The U.K. has passed a law allowing convictions for consensual gay sex under now-repealed laws to be expunged from citizens' records.
The Protection of Freedoms Act, which has been approved by Parliament, received royal assent, that is, the approval of the queen, on Tuesday, allowing it to become law, Pink News reports.
The measure comes too late for such famous gay men as author Oscar Wilde (pictured) and mathematician Alan Turing, who were prosecuted under the nation's antisodomy laws, but now thousands of men can apply to the secretary of state to have their convictions taken off their record.
"It's estimated that over the last century in the region of 100,000 men in the U.K. were convicted of consenting same-sex offences that were not crimes between heterosexual men and women," activist Peter Tatchell told Pink News. "Many had their lives ruined, including serving prison sentences, losing their jobs and suffering rejection by their families.

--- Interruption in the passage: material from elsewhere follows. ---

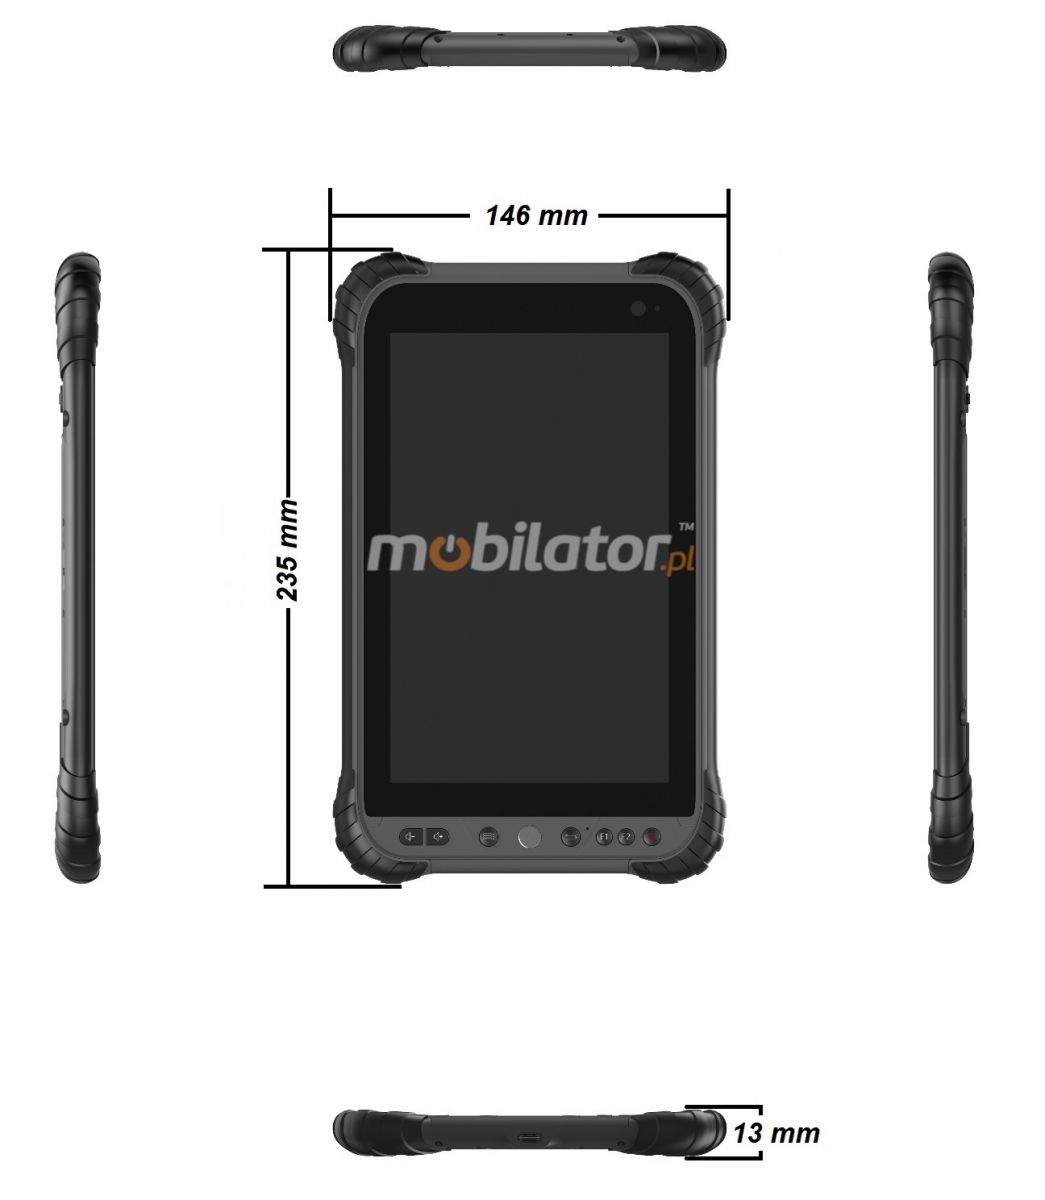 Odporny rugged tablet przemysowy Android 7.0 MobiPad TSS1011 NFC IP68 4G  IP68 mobilator  umpc

"This reform is welcome but it will come too late for many of the victims of Britain's homophobic laws. It's astonishing to think that the King Henry VIII anti-buggery law and the Oscar Wilde gross indecency law were only repealed in 2003." Wilde was convicted of "gross indecency" in 1891 and served two years in prison. Turing, another famous victim of the antigay laws, helped the Allies win World War II by breaking the Germans' Enigma Code, but he was forced to undergo chemical castration after his conviction. He subsequently committed suicide.